✨ When one Kleenex isn’t enough… ✨
There are seasons in life that break you open in ways you never saw coming. I gave up a career I worked hard for so I could take care of my parents and raise a child the way I prefer, and somewhere in the middle of being everything for everyone, I forgot how to be anything for myself.
I’ve walked through loss, financial strain, exhaustion, and the kind of loneliness that comes from watching your own child push back while you’re trying to hold the world together. And the disappointment of realizing that the people you expect to stand beside you — like an older brother — sometimes choose not to carry any of the weight at all.

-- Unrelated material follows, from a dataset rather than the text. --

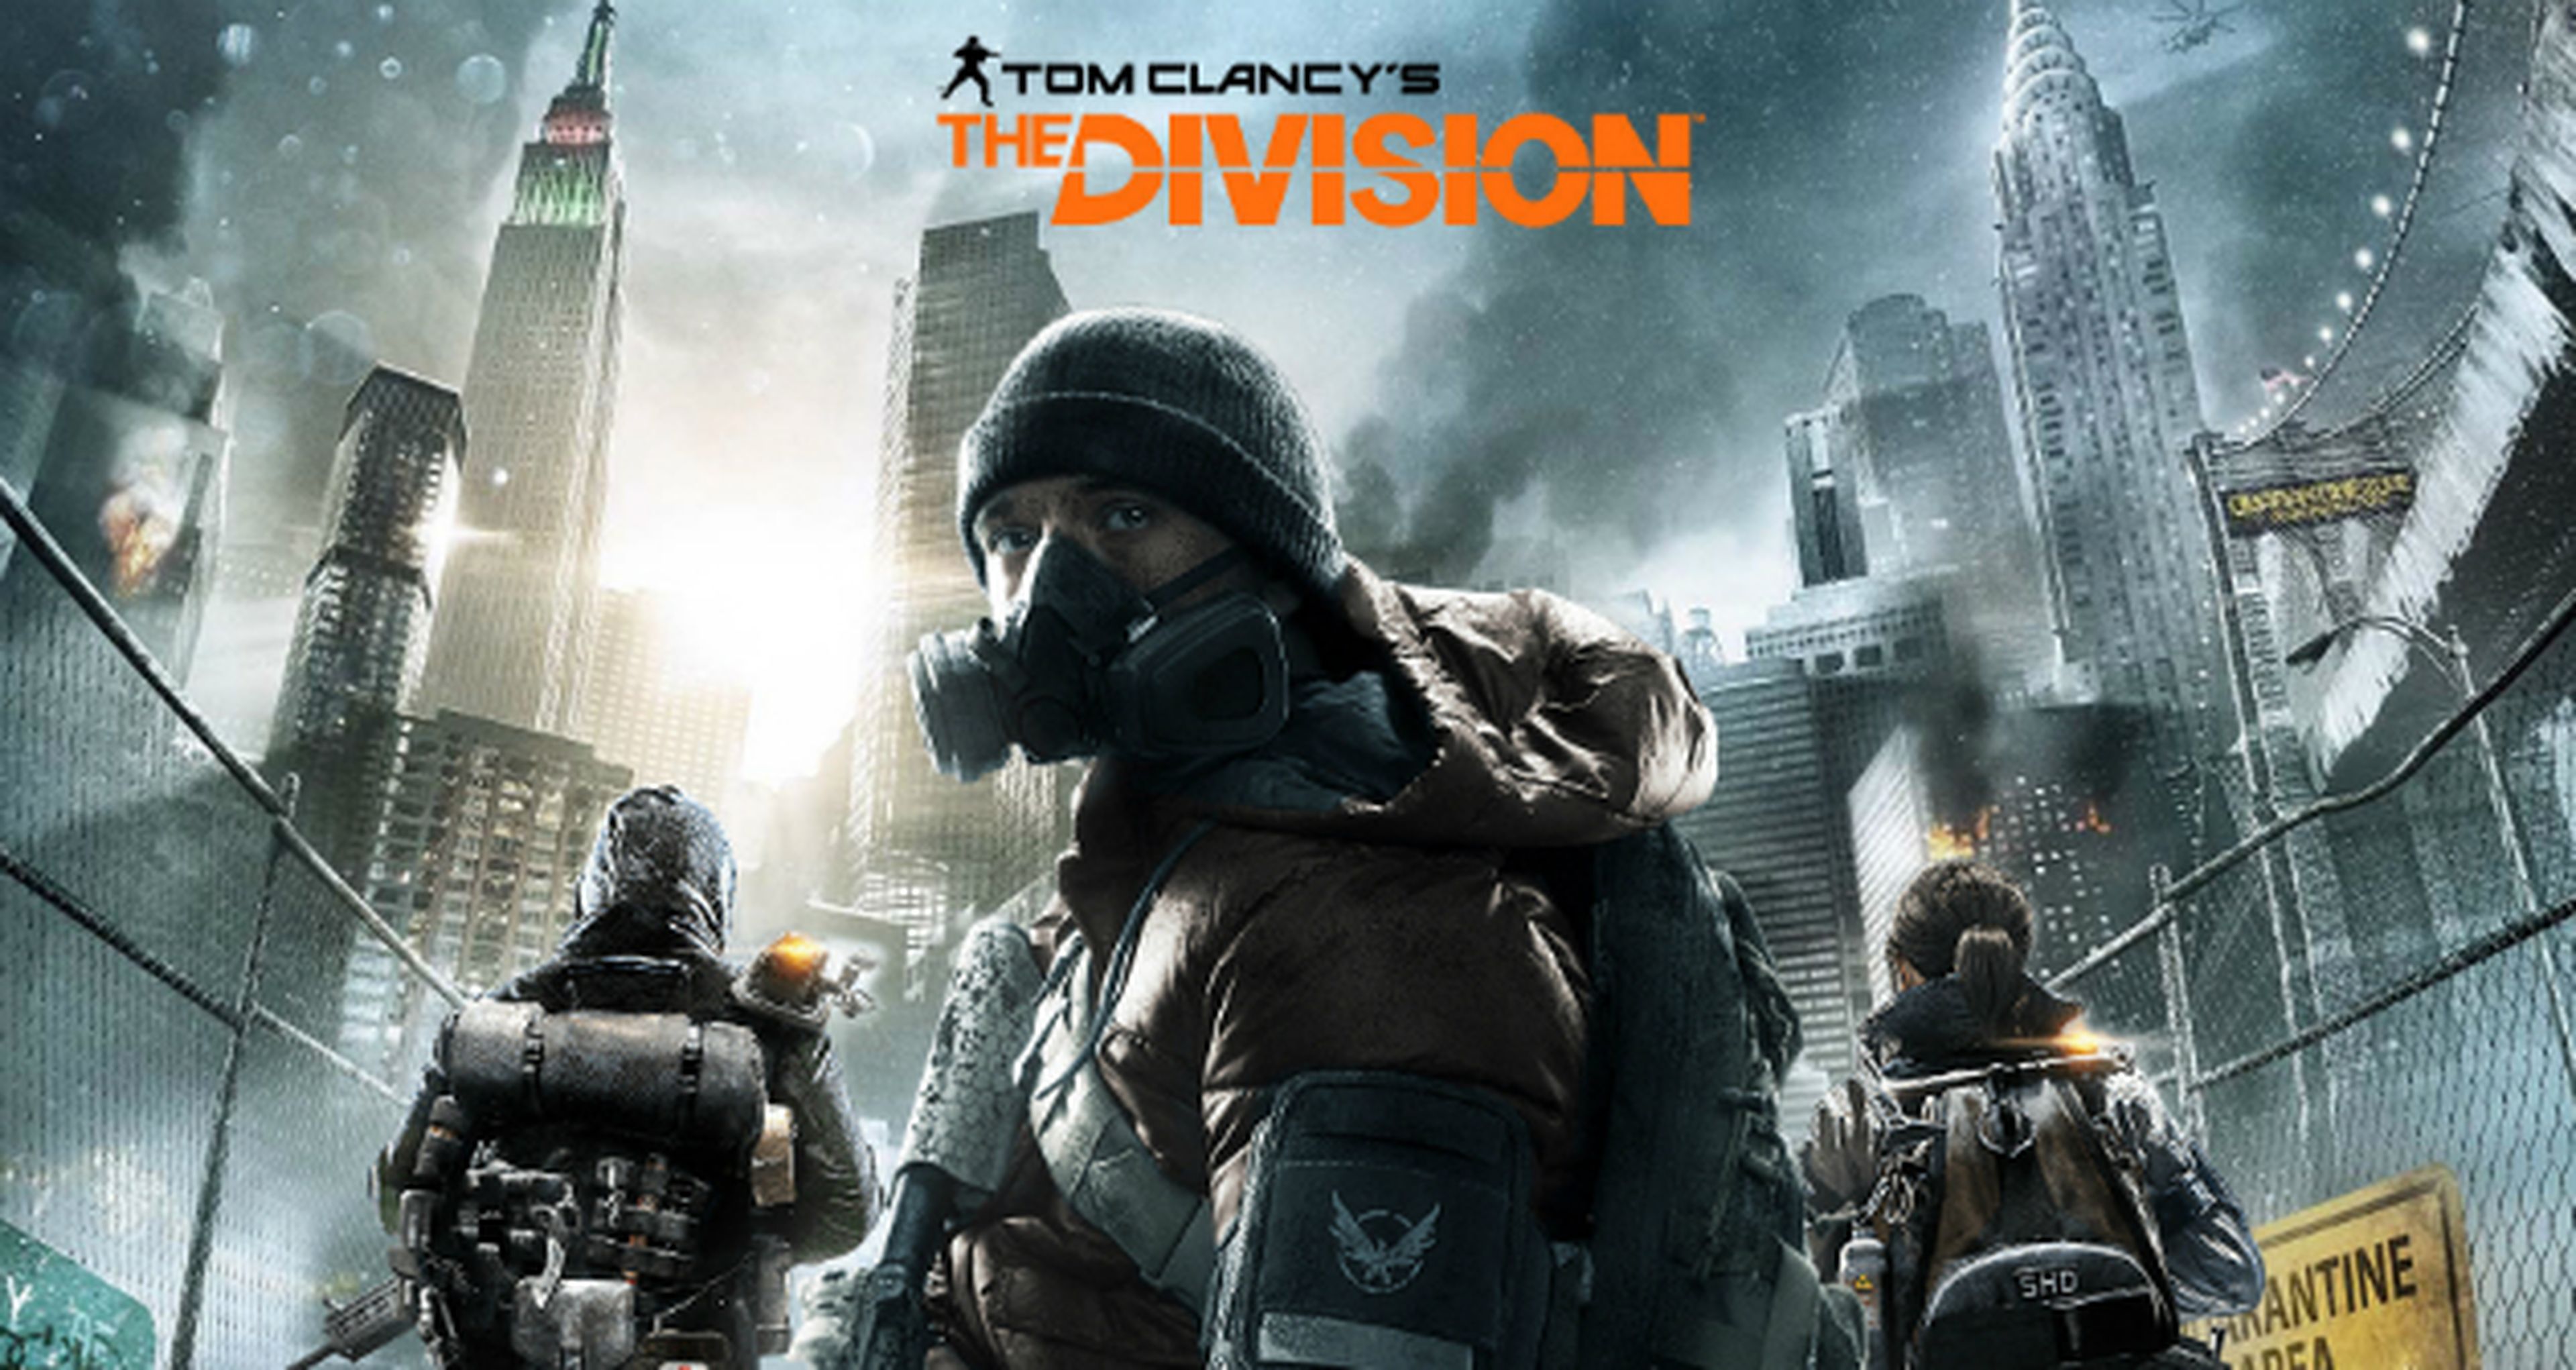 The Division - Códigos gratis para skins en PS4, Xbox One y PC

It’s been heavy. It’s been humbling. It’s been heartbreaking.
But as we step into the Year of the Chinese Zodiac Horse, something in me is shifting. The Horse is movement, fire, courage, and the refusal to stay stuck. And that energy is waking up something inside me that I thought I’d lost.
I’m learning to accept the changes I didn’t choose.
I’m learning to honor the sacrifices I made out of love.
I’m learning to reclaim the parts of myself that got buried under responsibility.
And I’m learning that my spirit — tired as it is — is still powerful, still resilient, still ready to rise.
This chapter may have broken me open, but it’s also rebuilding me stronger.
I’m not done. I’m not defeated. I’m becoming. ✨
But those who hope in the Lord will renew their strength. They will soar on wings like eagles; they will run and not grow weary, they will walk and not be faint.